The Razer Kiyo Pro overcomes poor lighting with surveillance cam tech

Razer's new webcam uses Sony's STARVIS CMOS for higher sensitivity in low light conditions.

by Justin Choo

The Razer Kiyo Pro is a new offering from Razer geared towards video conferencing and streaming.

The Kiyo Pro features an Adaptive Light Sensor, which Razer touts to provide “superior imaging under almost any lighting conditions.”

Razer’s solution is a combination of a 1/2.8 CMOS sensor along with STARVIS, a back-illuminated pixel tech that is used in surveillance cameras. And as such, it is supposed to be able to capture high-quality images even near-infrared light regions, which is a pretty nifty idea, which means you can use the camera both indoors and outdoors and even in poor lighting as well. In theory, anyway.

The Razer Kiyo Pro looks all business.

The Kiyo Pro looks all business. Image: Razer

The Kiyo records at up to 1080p at 60fps uncompressed (you’ll need a USB 3.0 port though), with an option for HDR but at a lower 30 fps setting. Users will also get to choose from three fields of view (FOV): 103°, 90° or 80°, so it’s flexible enough to be used in a variety of streaming situations ranging from headshot (no, no, not the FPS killcam thing) view to a wide-angle view to fit several people for say, a presentation.
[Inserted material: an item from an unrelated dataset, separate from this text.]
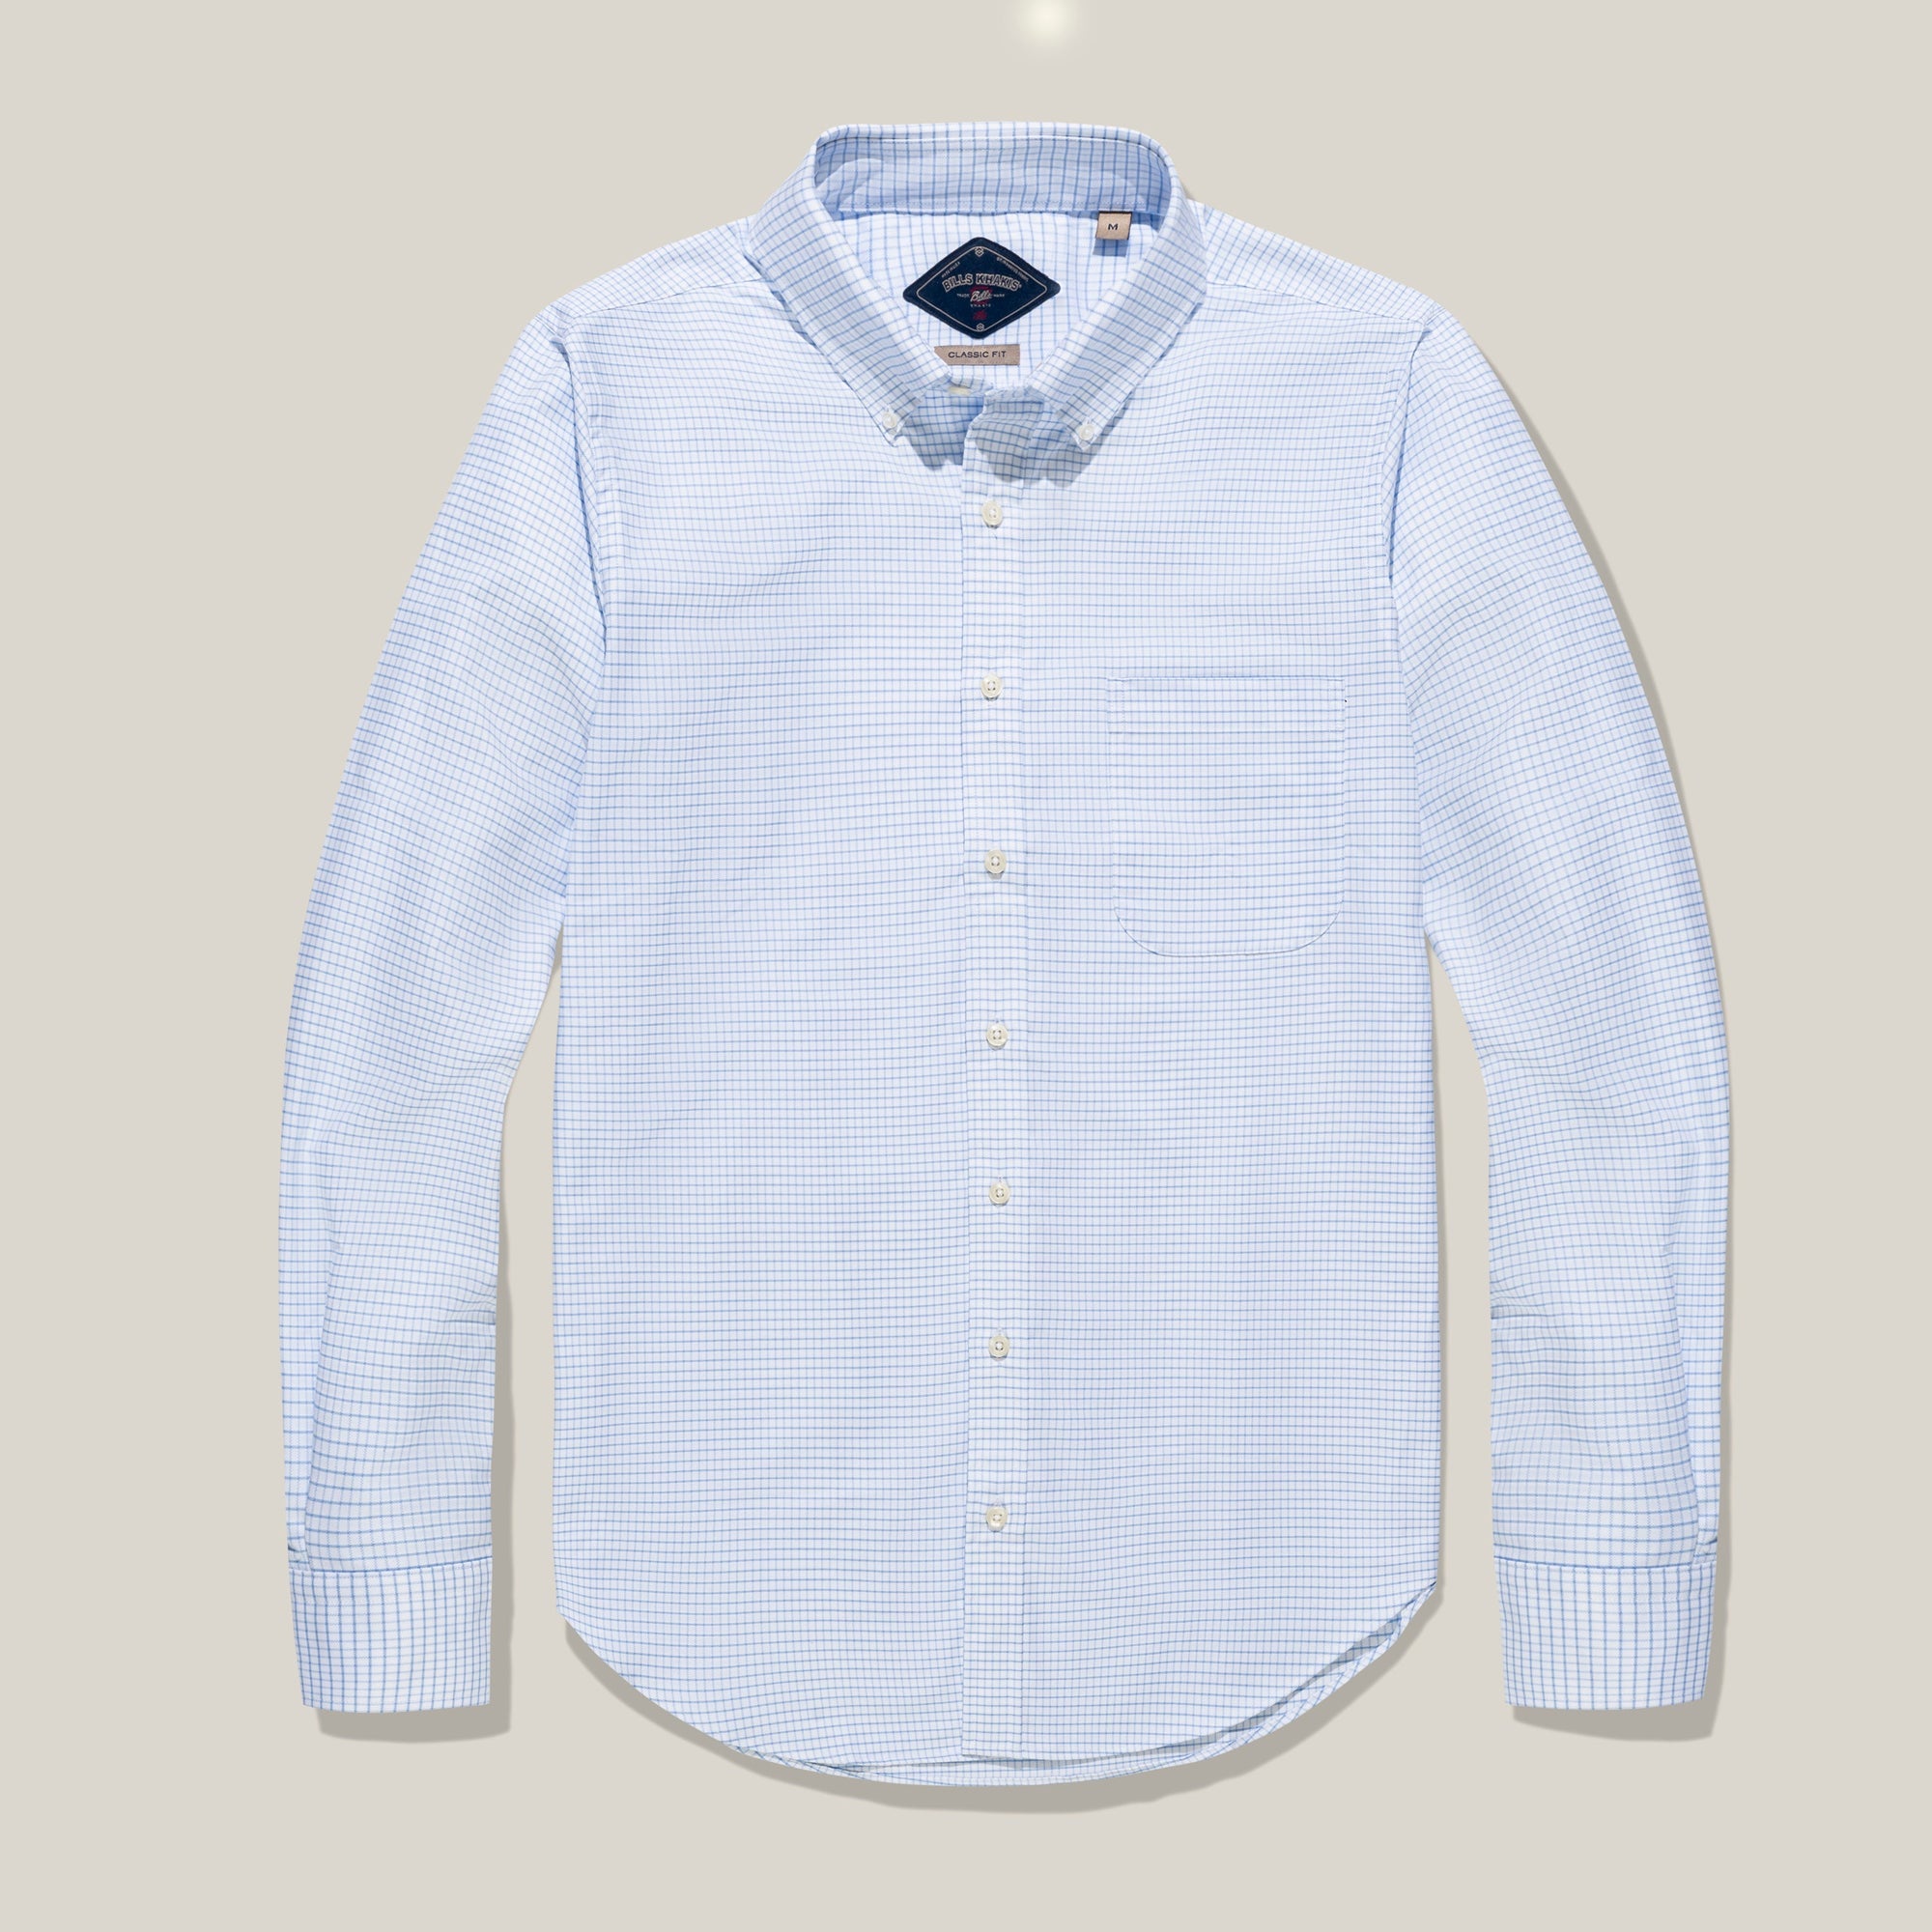 Classic Fit Grid Check Oxford Sport Shirt in Light Blue by Bills Khakis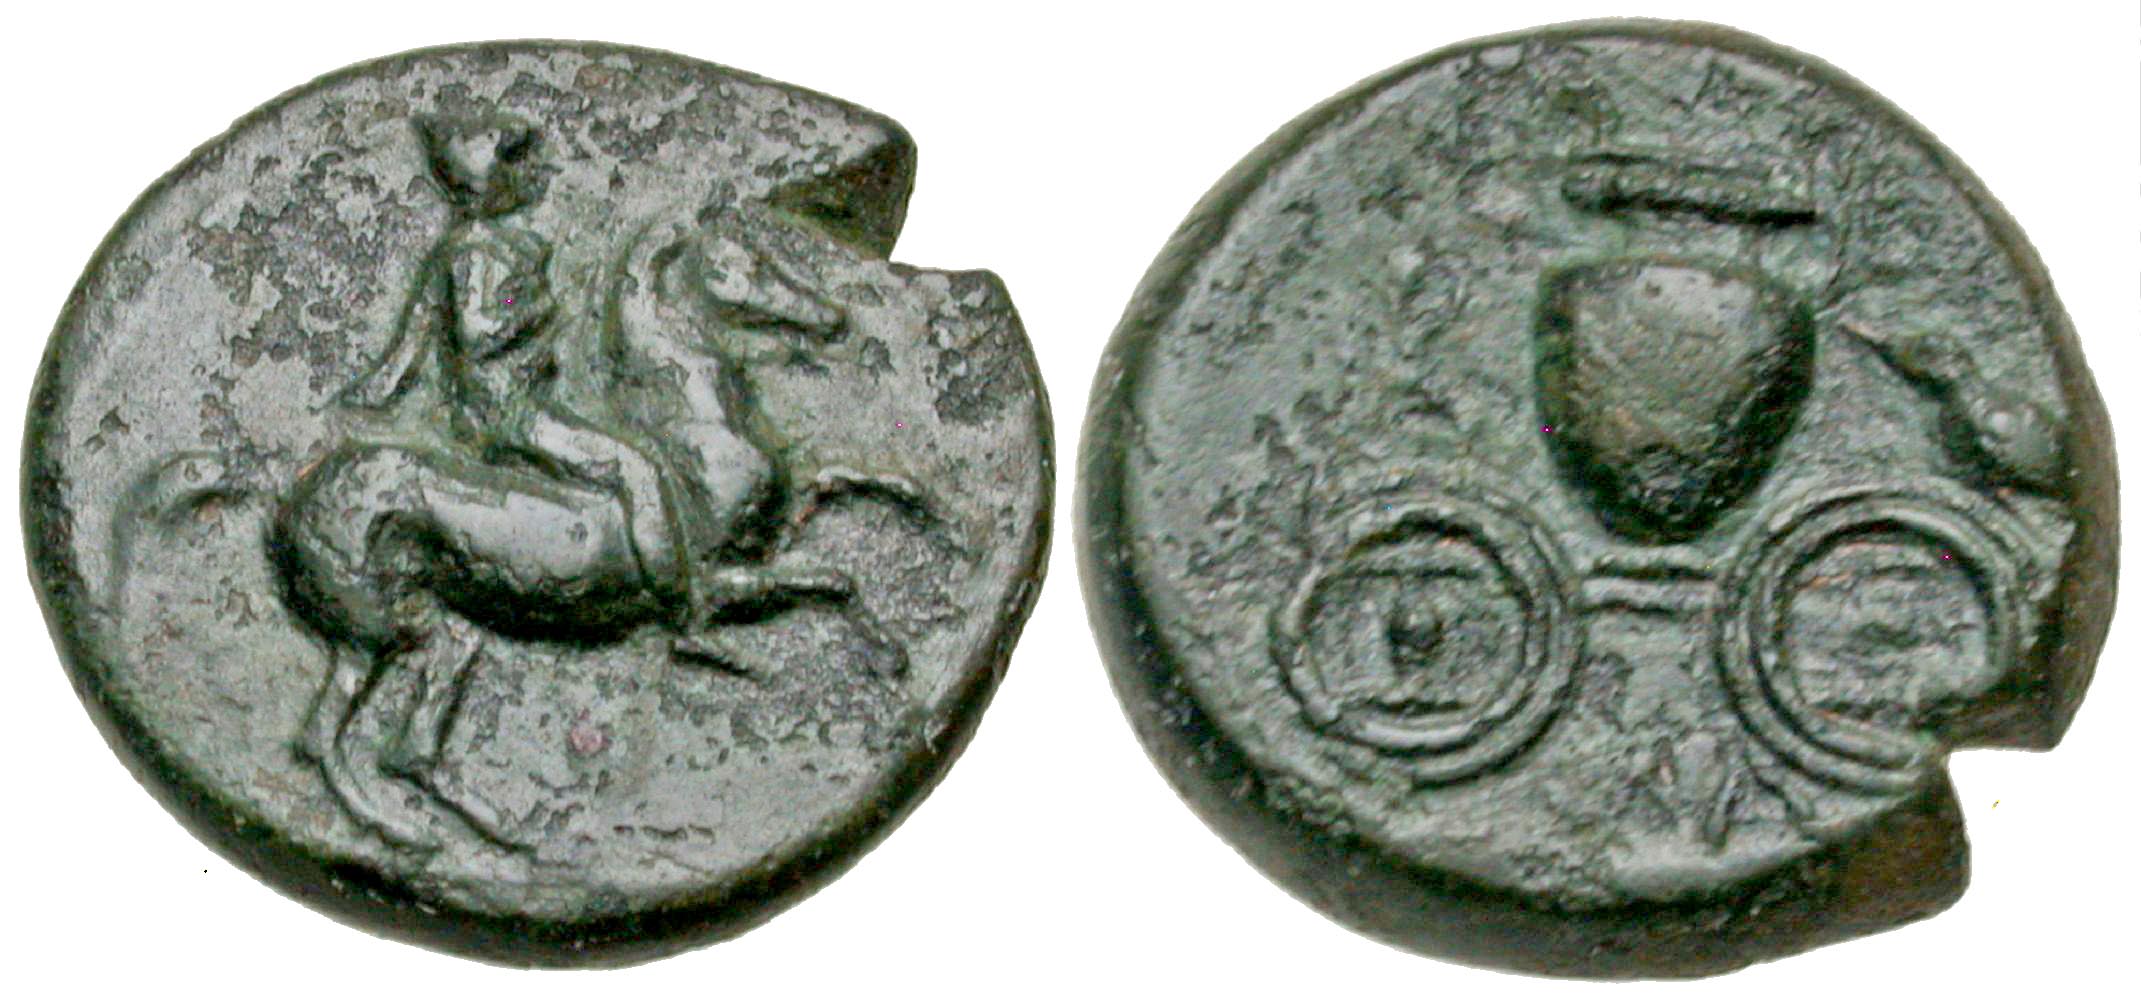 Thessaly, Krannon. 4th century BC AE dichalkon. Ex BCD Collection.

With its FOV range and mounting options, the Kiyo Pro can be mounted on a monitor, placed on a table or attached to a tripod with ease, and positioned in tight spaces. 16-bit omnidirectional stereo microphone array should be good enough for most situations to pick up voices in the room if there aren’t specialised mics around. Razer is asking for $299.90 which is quite a lot, but it all comes down to how well its sensor performs.